Thomas Paine responded to one of Burke’s critiques of the French Revolution by cynically arguing that wars are sometimes started in order to increase taxation (“the harvest of war”) (1791)

Found in The Rights of Man Part I (1791 ed.)
In his debate with Edmund Burke over the French Revolution, Thomas Paine (1737-1809) argues that there is a connection between war and the raising of taxes and that sometimes the former is engaged in to promote the latter:
It may with reason be said, that in the manner the English nation is represented, it signifies not where this right resides, whether in the Crown, or in the Parliament. War is the common harvest of all those who participate in the division and expenditure of public money, in all countries. It is the art of conquering at home: the object of it is an increase of revenue; and as revenue cannot be increased without taxes, a pretence must be made for expenditures. In reviewing the history of the English government, its wars and its taxes, a by-stander, not blinded by prejudice, nor warped by interest, would declare, that taxes were not raised to carry on wars, but that wars were raised to carry on taxes.
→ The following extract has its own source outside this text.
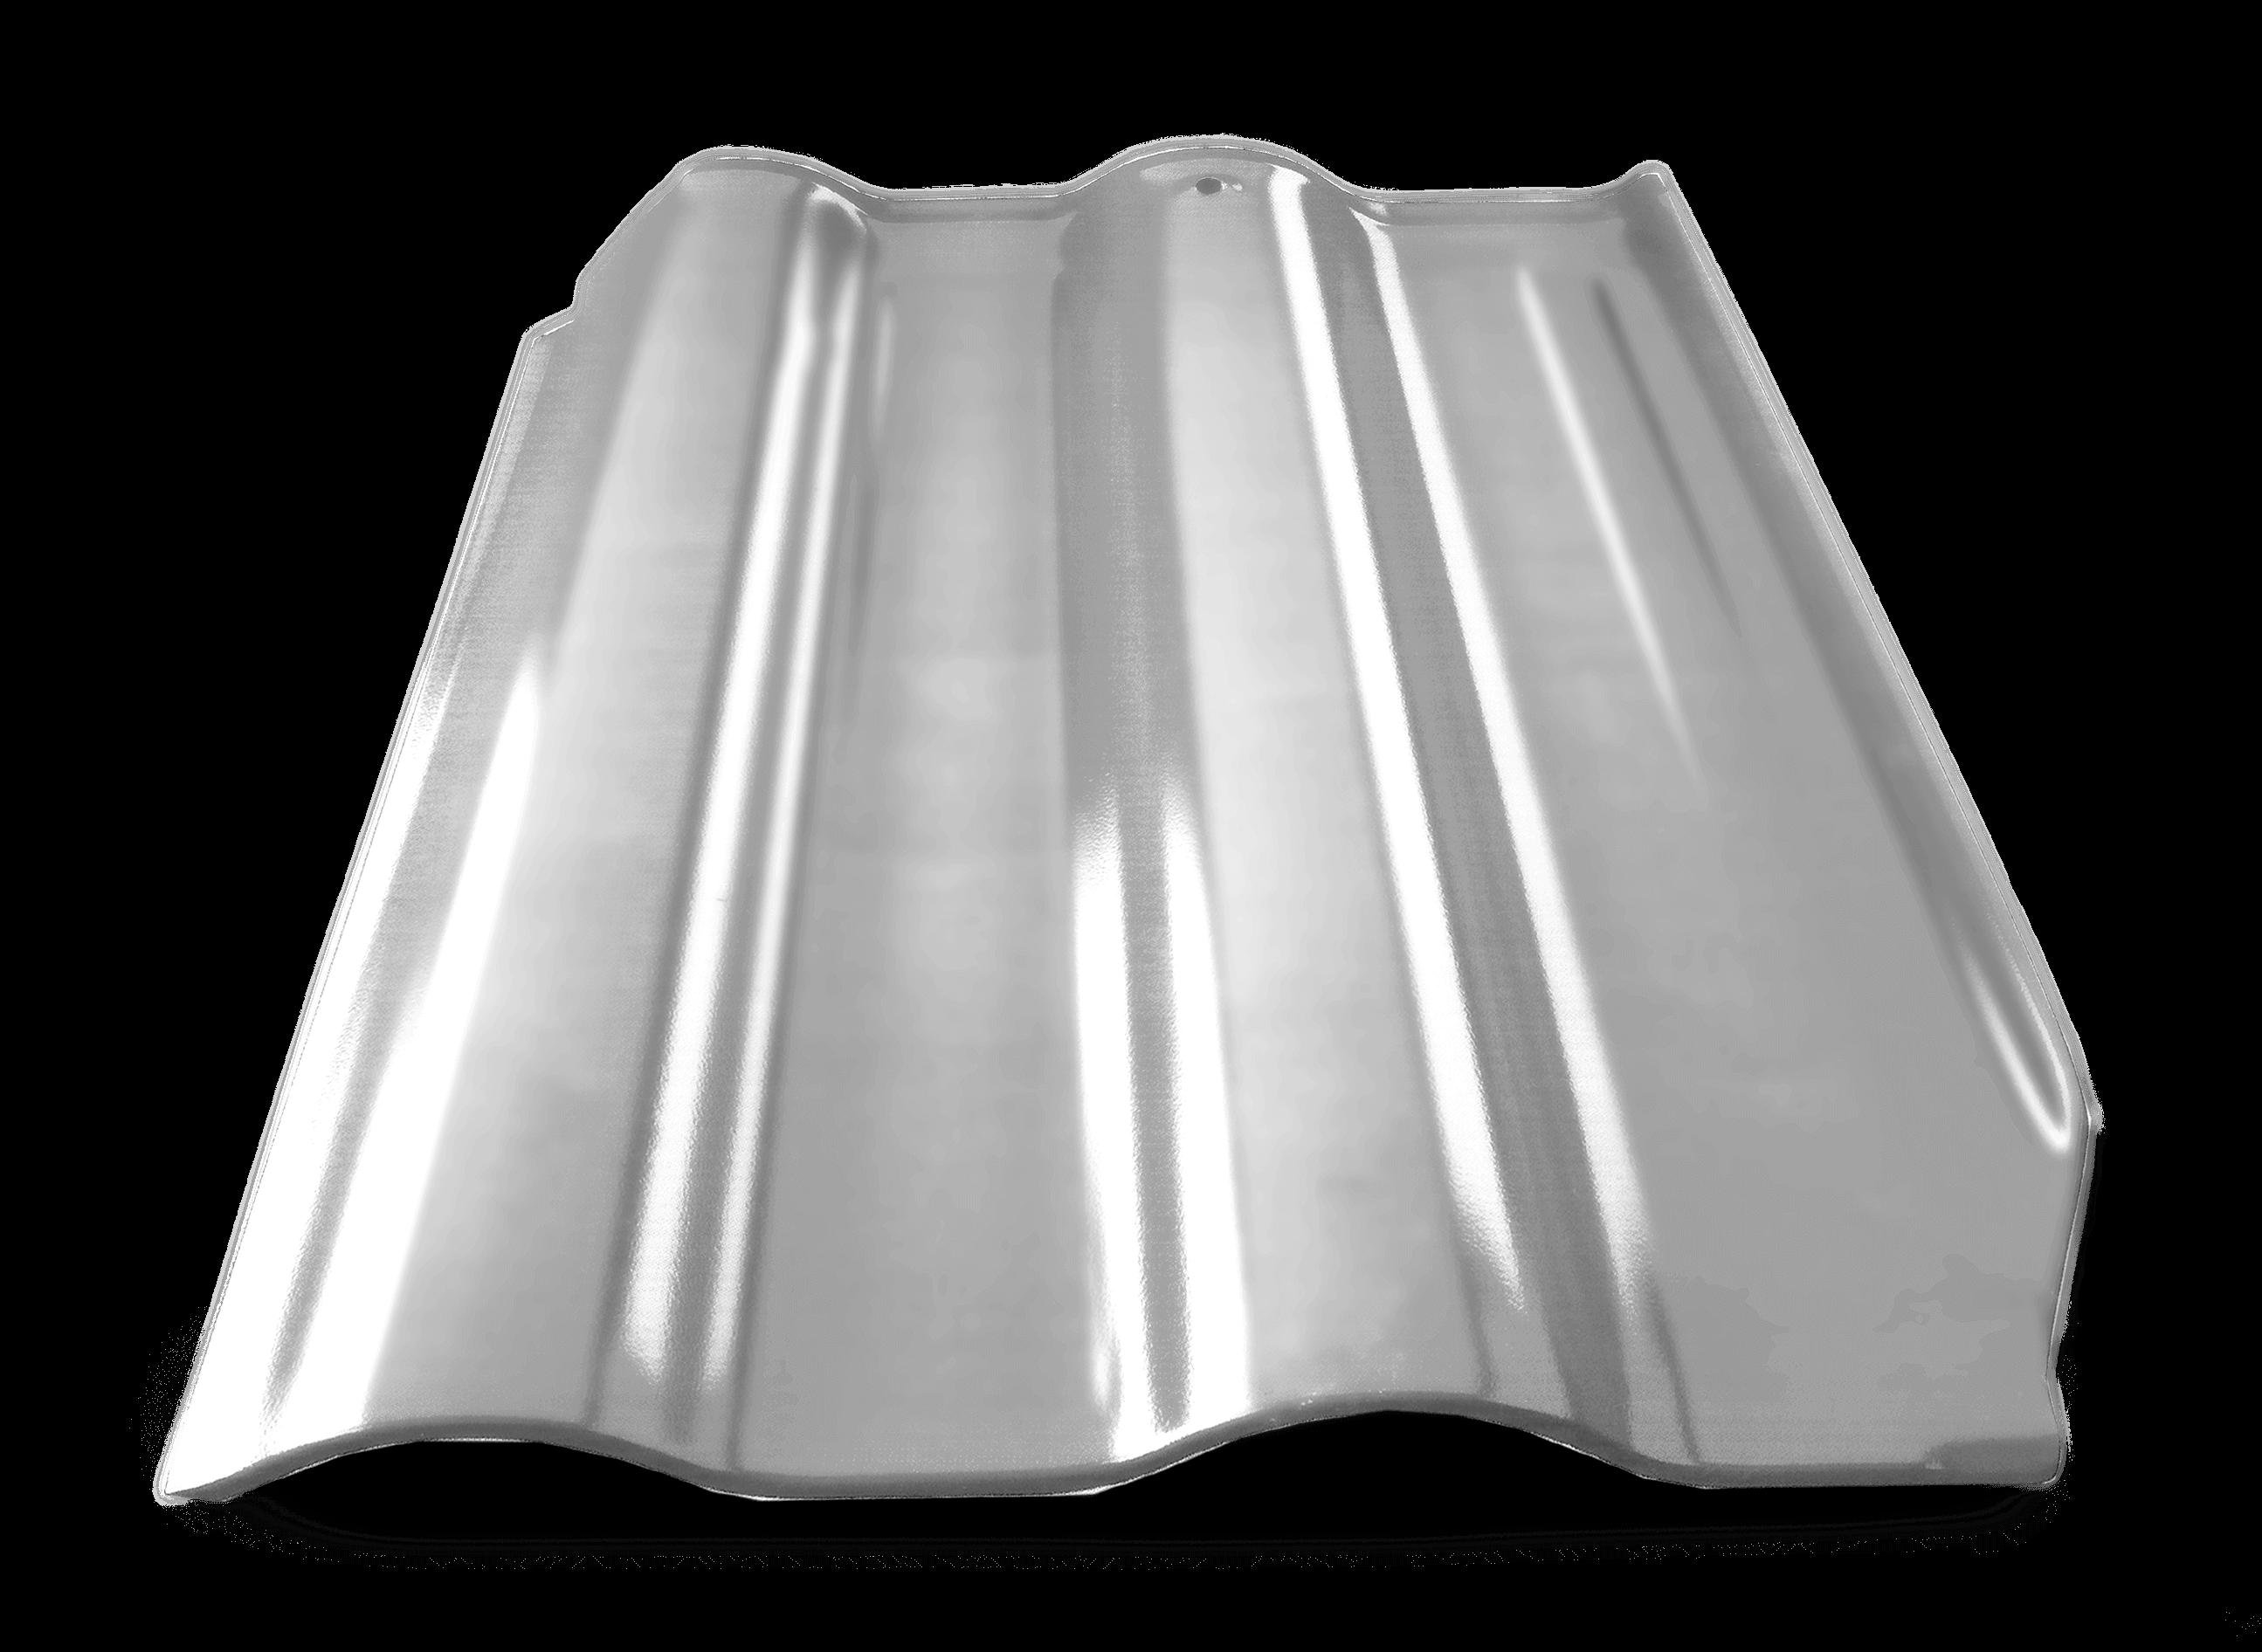 Premier-Roof-Tile-gray-t

Paine here returns to his theme of the connection between war, public financing, and taxation. He cynically argues that history might lead one to the conclusion that far from raising taxes in order to fund wars, much benefit can be gained by the ruling and banking elite if wars are started in order to raise the national debt and increase taxation. Sometimes one wonders if this might be true. Paine and Burke were only two figures in a very spirited debate which took place in the 1790s about the significance and meaning of the French Revolution. It also involved Mary Wollstonecraft, William Godwin, Joseph Priestley, Catharine Macaulay, and Sir James Mackintosh, whose writings on the subject can be found in our French Revolution collection.